I have also added a loading bar.

[26]:

def my_scraper(DRIVER_PATH, options, max_tweets):
    driver = webdriver.Chrome(DRIVER_PATH, options=options)
    web_site = "https://twitter.com/home"
    driver.get(web_site)

    # Crawl:

    username = WebDriverWait(driver, 10).until(
        EC.presence_of_element_located((By.XPATH, "//input[@name='text']"))
    )
    username.send_keys(my_username)
    username.send_keys(Keys.RETURN)

    password = WebDriverWait(driver, 10).until(
        EC.presence_of_element_located((By.XPATH, "//input[@name='password']"))
    )
    password.send_keys(my_password)
    password.send_keys(Keys.RETURN)

    search_box = WebDriverWait(driver, 10).until(
        EC.presence_of_element_located(
            (By.XPATH, "//input[@aria-label='Search query']")
        )
    )
    search_box.send_keys(
        '"bitcoin" lang:en until:2021-10-15 since:2021-10-14 -filter:links -filter:replies'
    )
    search_box.send_keys(Keys.RETURN)

    latest = WebDriverWait(driver, 10).until(
        EC.presence_of_element_located((By.LINK_TEXT, "Latest"))
    )
    latest.click()

    # Scrape:

    data = []
    tweet_ids = set()  # In order to not collect duplicates
    last_position = driver.execute_script("return window.pageYOffset;")
    scrolling = True

    while scrolling:
        page_cards = driver.find_elements(By.XPATH, '//article[@data-testid="tweet"]')
        for card in page_cards[-15:]:
            tweet = collect_tweet(card)

            if tweet:
                tweet_id = "".join(tweet)

                if tweet_id not in tweet_ids:
                    tweet_ids.add(tweet_id)
                    data.append(tweet)

        # Loading bar VISUALIZATION
        percent_done = int((len(data) / max_tweets) * 100)
        print(f"{percent_done}% ", end="", flush=True)
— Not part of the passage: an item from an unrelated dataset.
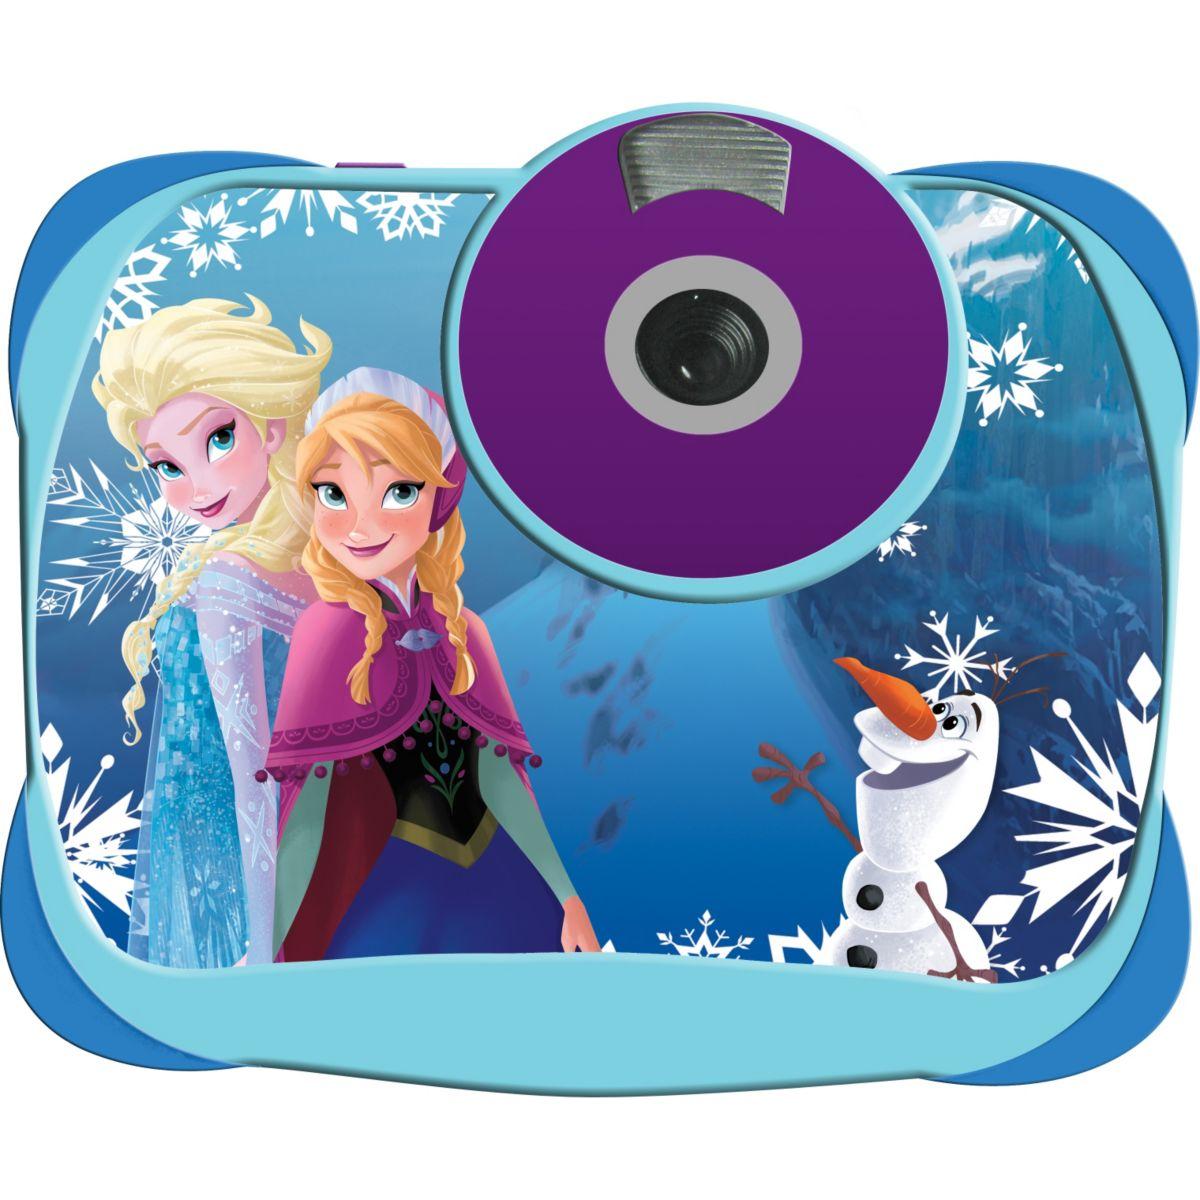 Appareil photo compact lexibook reine des neiges dj134fz - 15% de remise immédiate avec le code : multi15 (photo)

        scroll_attempt = 0

        while True:
            driver.execute_script("window.scrollTo(0, document.body.scrollHeight);")
            sleep(2)
            curr_position = driver.execute_script("return window.pageYOffset;")

            if last_position == curr_position:
                scroll_attempt += 1

                # end of scroll region
                if scroll_attempt >= 3:
                    scrolling = False
                    break

                else:
                    sleep(2)  # attempt another scroll

            else:
                last_position = curr_position
                break

        if len(data) > max_tweets:
            scrolling = False

    # Close the web driver
    driver.close()
    return data

[ ]:

data = my_scraper(DRIVER_PATH, options, max_tweets=17)
data

[ ]:

# Some mentionworthy options:

options.add_experimental_option(
    "prefs",
    {
        "download.default_directory": PLACE_YOUR_DESIRED_PATH,
        "download.prompt_for_download": False,
        "download.directory_upgrade": True,
        "safebrowsing.enabled": True,
    },
)
# setDownloadPreferences: Sets the download preferences for the browser.
# Here, it specifies the default download directory, disables the download prompt,
# enables directory upgrade, and enables safe browsing.

options.add_argument("--headless=new")
# setHeadlessMode: Sets the browser in headless mode, which means it runs without a
# graphical user interface.

options.add_argument("--disable-gpu")
# disableGPU: Disables the use of the GPU (graphics processing unit) in the browser.

options.add_argument("--no-sandbox")
# disableSandbox: Disables the sandbox mode, which provides an extra layer of security for the browser.

options.add_argument("--disable-dev-shm-usage")
# disableDevShmUsage: Disables the use of /dev/shm temporary storage in the browser.

options.add_argument("--log-level=3")
# setLogLevel: Sets the logging level for the browser. Here, it sets the log level to 3, which is the highest level of logging.

options.add_argument("--silent")
# setSilentMode: Sets the browser in silent mode, which suppresses most browser notifications and prompts.